So, to say you’ve chosen a great place to visit and a great time, too, might just be the spookiest understatement of the year…

Start in Belfast and visit the Crumlin Road Gaol, laden with a huge collection of ghouls who have rather unsettling pasts. Next, wind your way down to Ballygally Castle in Antrim, sitting on the banks of the misty bay. Visit the dedicated ‘ghost room’, where the spectre of Lady Isobel Shaw waits to spend a night with you in the hotel.

Down in Dublin, the Dublin Bus Ghost Tour is a spooky tour that reveals Dracula’s Dublin origins, takes you to the medieval crypts at Dublin Castle and unearths Dr Clossey’s gruesome past... The city is full of scares, but there’s something rather unnerving when you strike out for the Hellfire Club, just a short trip into the mountains. Here, a group of heretics once allegedly summoned the devil himself.

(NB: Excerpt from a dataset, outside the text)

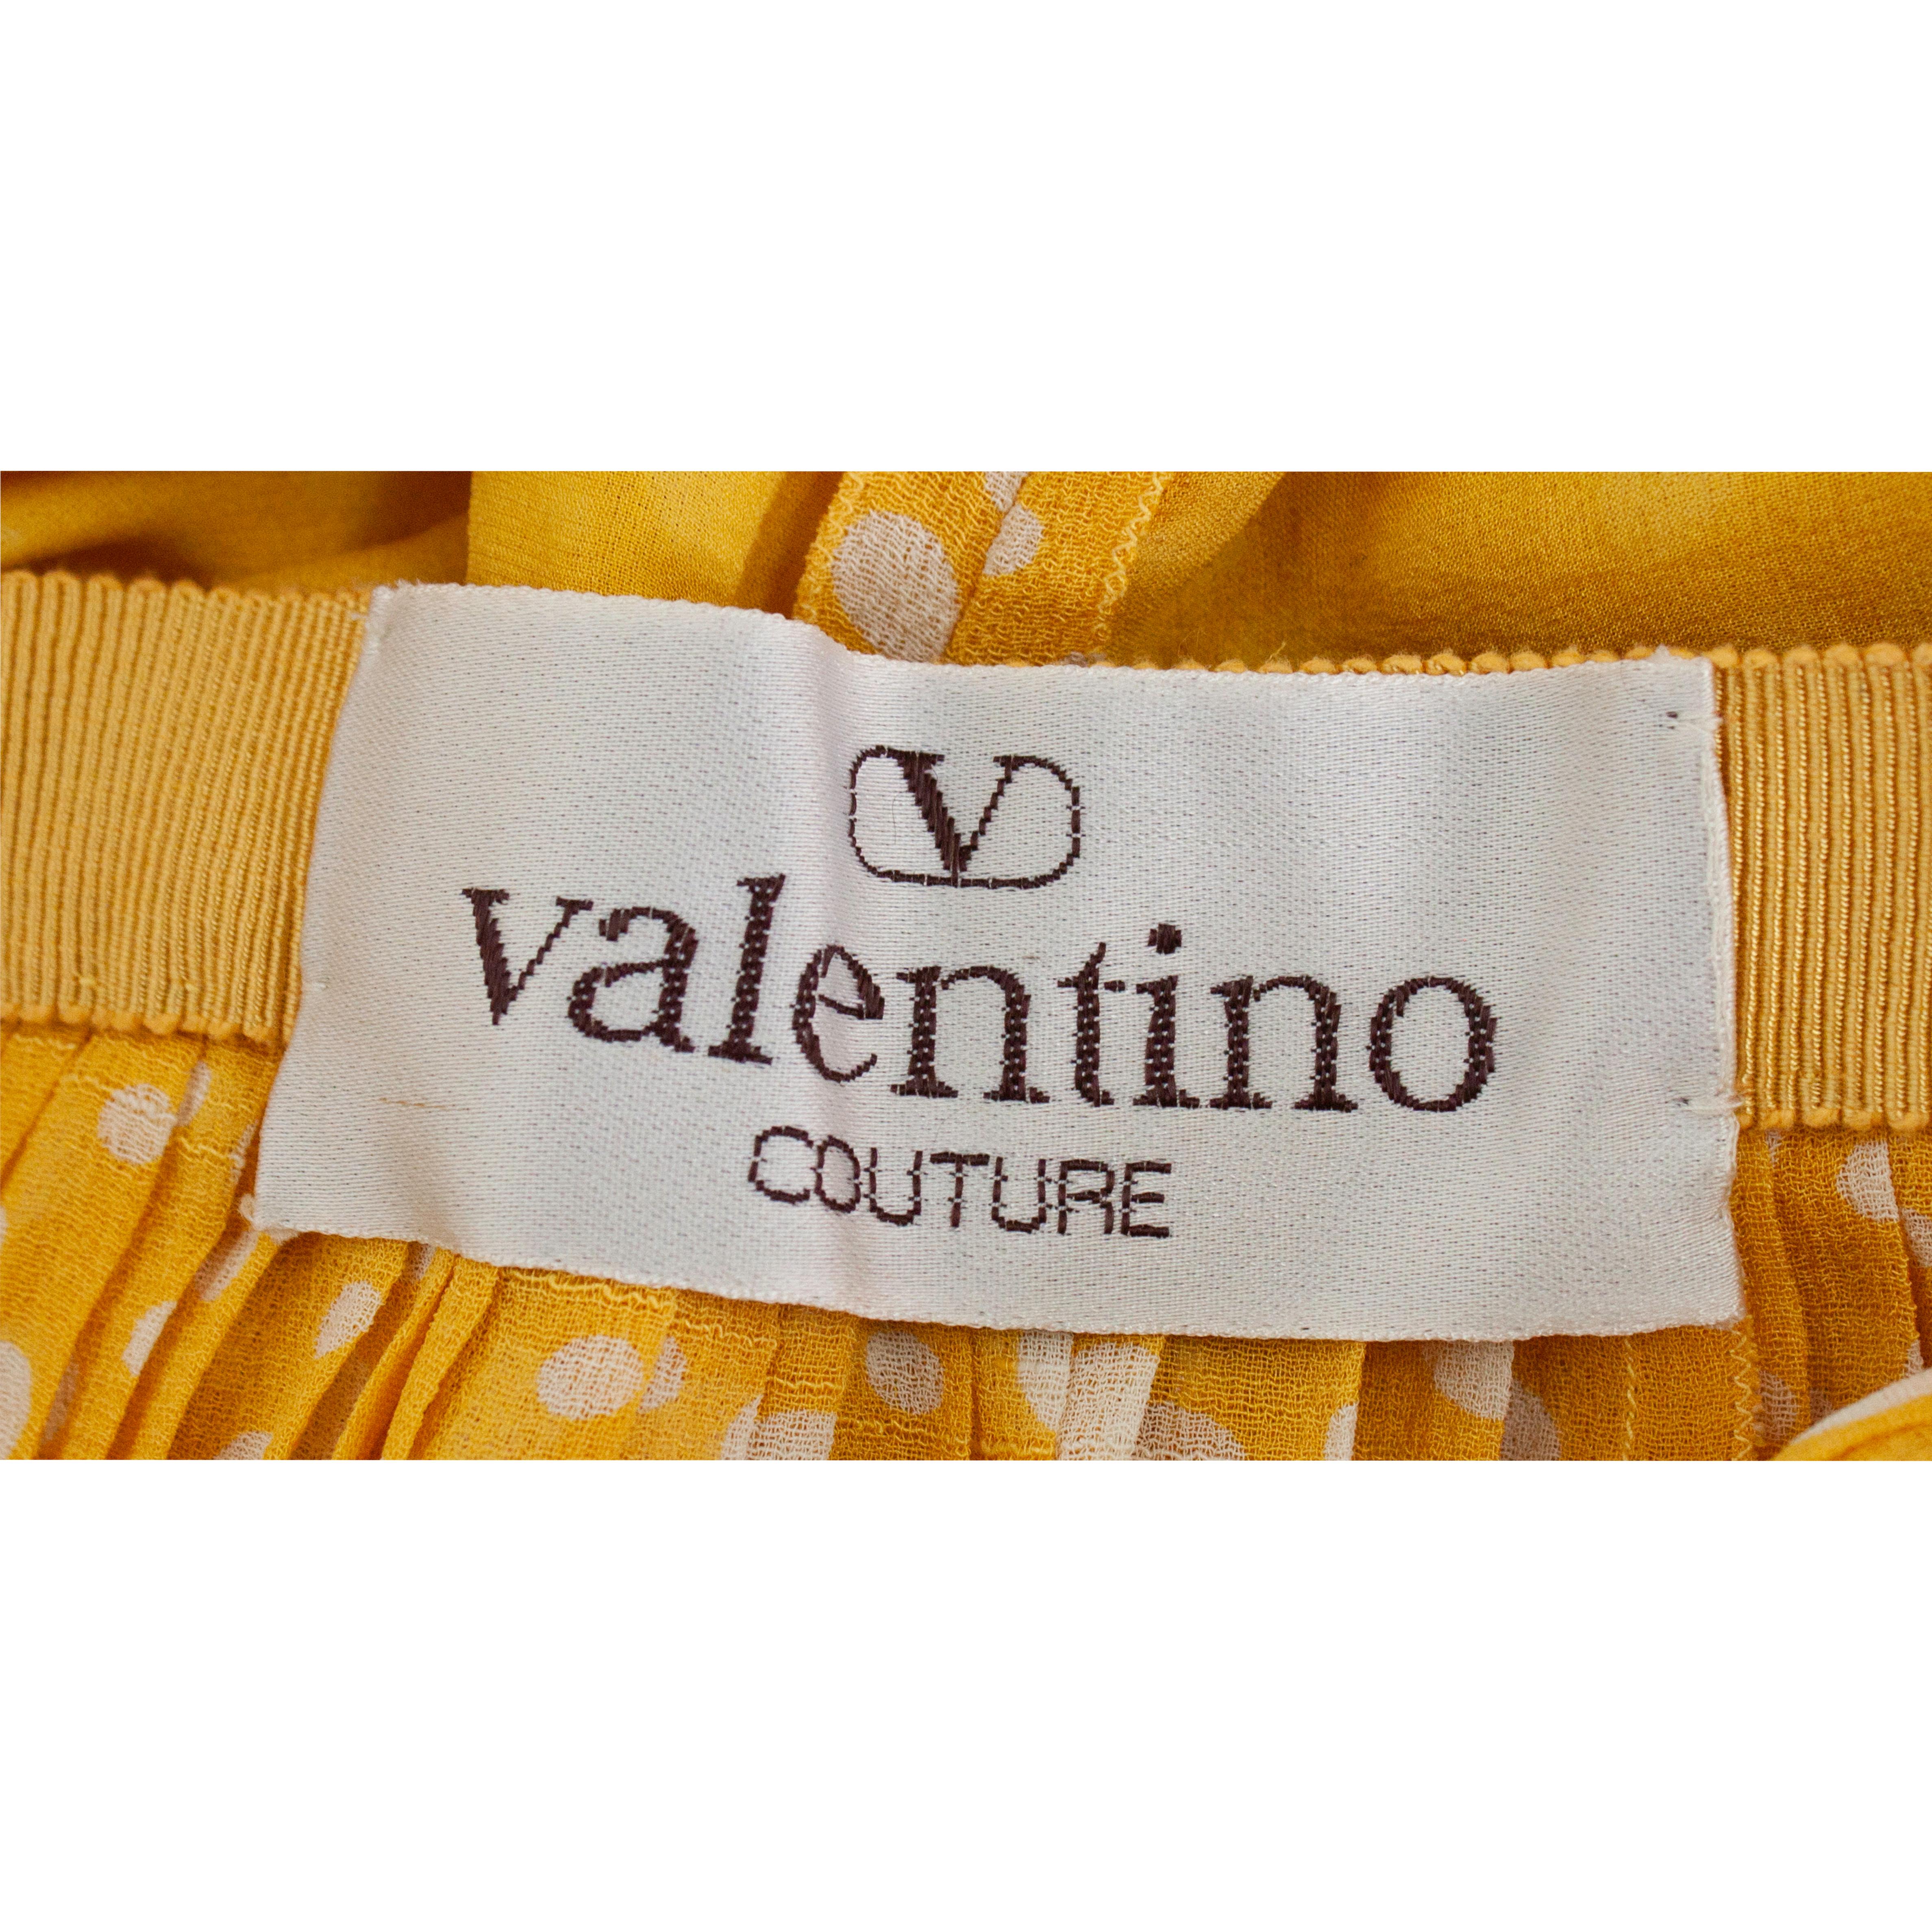 Valentino couture yellow silk chiffon dress. circa 1970s 1

The leaden atmosphere is enough to give even the most seasoned ghost-hunter a chill.

 Speaking of the devil, head south to Loftus Hall in Wexford. The devil himself is said to have visited this place one stormy night to indulge in an ill-fated game of cards with members of Ireland’s high society. His discovery at the table was only made when his blood-soaked hooves were spotted following another player’s dropped card...

Head to the River Nore in Kilkenny for the sombre tale of the 16 poor souls who drowned when a bridge they were crossing collapsed. Locals say you can still hear their desperate moans coming from under the water at night.

Hairs on the back of your neck standing on end yet? It’s time to head forth into the night of Hallowe’en itself to Derry-Londonderry.

The Banks of the Foyle Hallowe’en Carnival was named the world's best Halloween spot in a poll by USA Today, winning over other ghoulish destinations, including witch trial capital of Salem, Massachusetts, and home of the legendary Count Dracula himself, Transylvania.

Can you feel those shivers creeping along your spine? If so, then you’ll enjoy your ghoulish trip here just fine!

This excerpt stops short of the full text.